Bush-Clinton, un match

Quelques remarques sur le relativisme culturel

 

 

 

 

L’affaire Clinton avait été pour moi l’occasion d’une intéressante comparaison de relativisme culturel. Il semble que ce que les citoyens des Etats-Unis ont le plus reproché à Bill Clinton, ce n’est pas le caractère profondément dégoûtant de ses activités extra-conjugales et extra-génitales avec Monica, ni qu’il ait utilisé son lieu de travail pour se livrer à ces activités répréhensibles, ni qu’il n’ait pas eu la courtoisie de refuser de jouir de l’avantage que lui procurait son prestige et son autorité auprès d’une jeune stagiaire innocente, ni non plus qu’il n’ait pas eu la prudence d’échapper à une liaison qui eût pu être dangereuse pour l’Etat s’il s’était trouvé que Monica fût une Mata-Hari moderne. Non, rien de tout cela ne semblait vraiment avoir choqué les Américains. Ce qui les a choqués, c’est qu’il ait menti. Menti à sa femme d’abord, puis à la nation toute entière. L’ordre des valeurs de cette peuplade lointaine n’était pas le même que le mien. Pour moi, le mensonge est condamnable essentiellement en fonction de son objet et de son motif. Je ne suis pas kantien sur ce point, comme sur beaucoup d’autres d’ailleurs.

 

L’affaire d’Irak m’avait donné une autre leçon de relativisme culturel. Les autorités américaines ne cessaient de prétendre « avoir de sérieuses raisons de ne pas être convaincues » que les armes de destruction massive de Saddam étaient toutes détruites et même « avoir de sérieuses raisons de croire » que de nouvelles avaient été construites.

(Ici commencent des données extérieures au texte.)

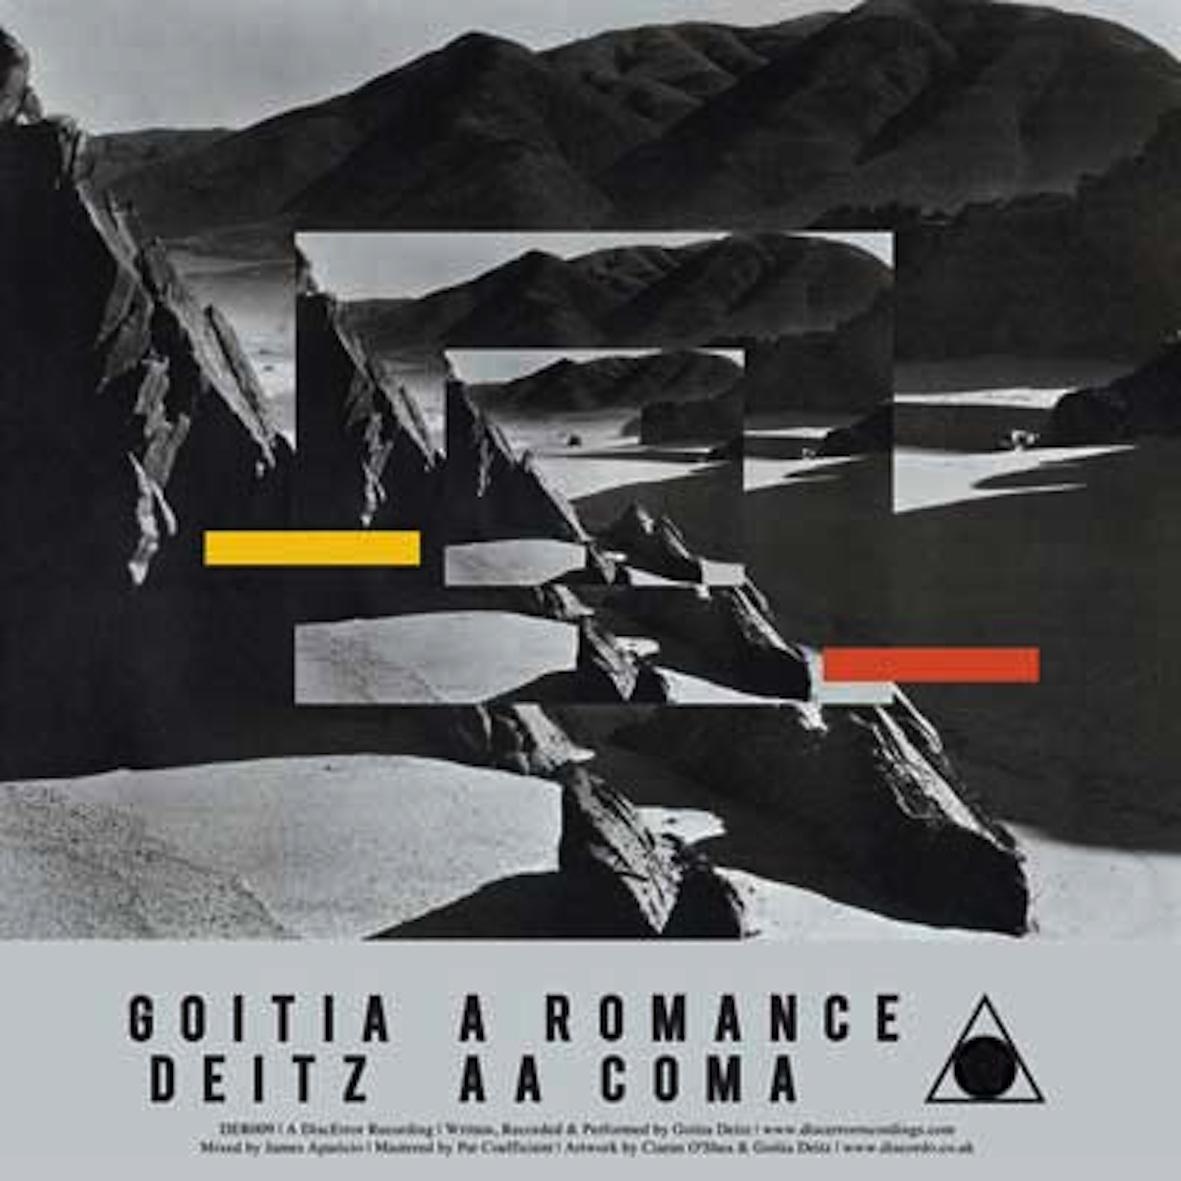 Tracks, Under The Radar, Test Pressing, Dr Rob, Goitia Deitz, Romance, Disc Error
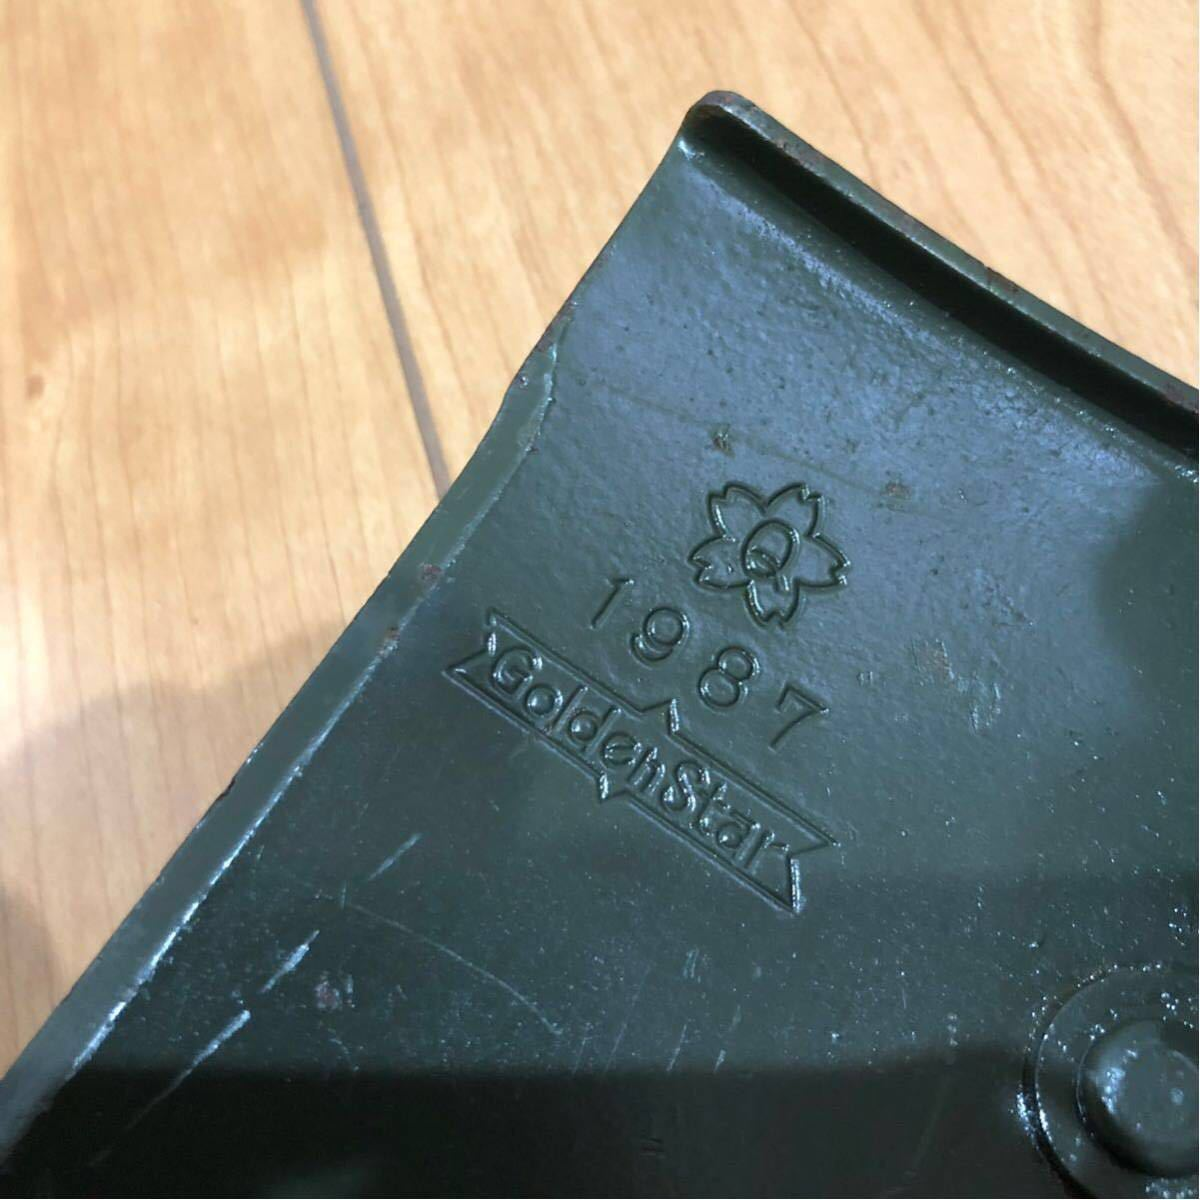 陸上自衛隊 携帯エンピ2型 スコップ 官給品 1987年度調達 中古_画像2

Traduites du curieux mélange de positivisme et de pragmatisme qui sert d’épistémologie courante dans les élites américaines, cela correspondait à une affirmation que ces armes existaient. Il me semblait qu’en logique ordinaire, cela signifiait seulement qu’on avait des doutes sur l’existence ou non de ces armes. Mais j’avais compris que pour ces gens « douter que non A » revenait à « affirmer A », mais de façon polie. Bon. J’avais été, je l’avoue, presque convaincu de la validité de cet argument des va-t-en-guerre.

 

Mais il semble maintenant avéré qu’il ne s’agissait pas d’une simple erreur d’appréciation des rapports entre vérité, certitude et probabilité, mais, beaucoup plus simplement, d’un mensonge. C’est donc mon troisième choc de relativisme culturel, car il semble que de l’autre côté de l’Atlantique, ce mensonge-ci soit  moins grave que le mensonge de Clinton sur ses relations avec Monica. Pourtant, j’avais cru que tout mensonge était en soi condamnable, par principe, quelle qu’en fût la taille, l’intention et l’objet. Eh bien non. Un mensonge qui coûte la vie de milliers de personnes est moins grave qu’un autre qui coûte une scène de ménage. Peut-être est-ce la cause que ces mensonges servent respectivement ? Je suis très perplexe.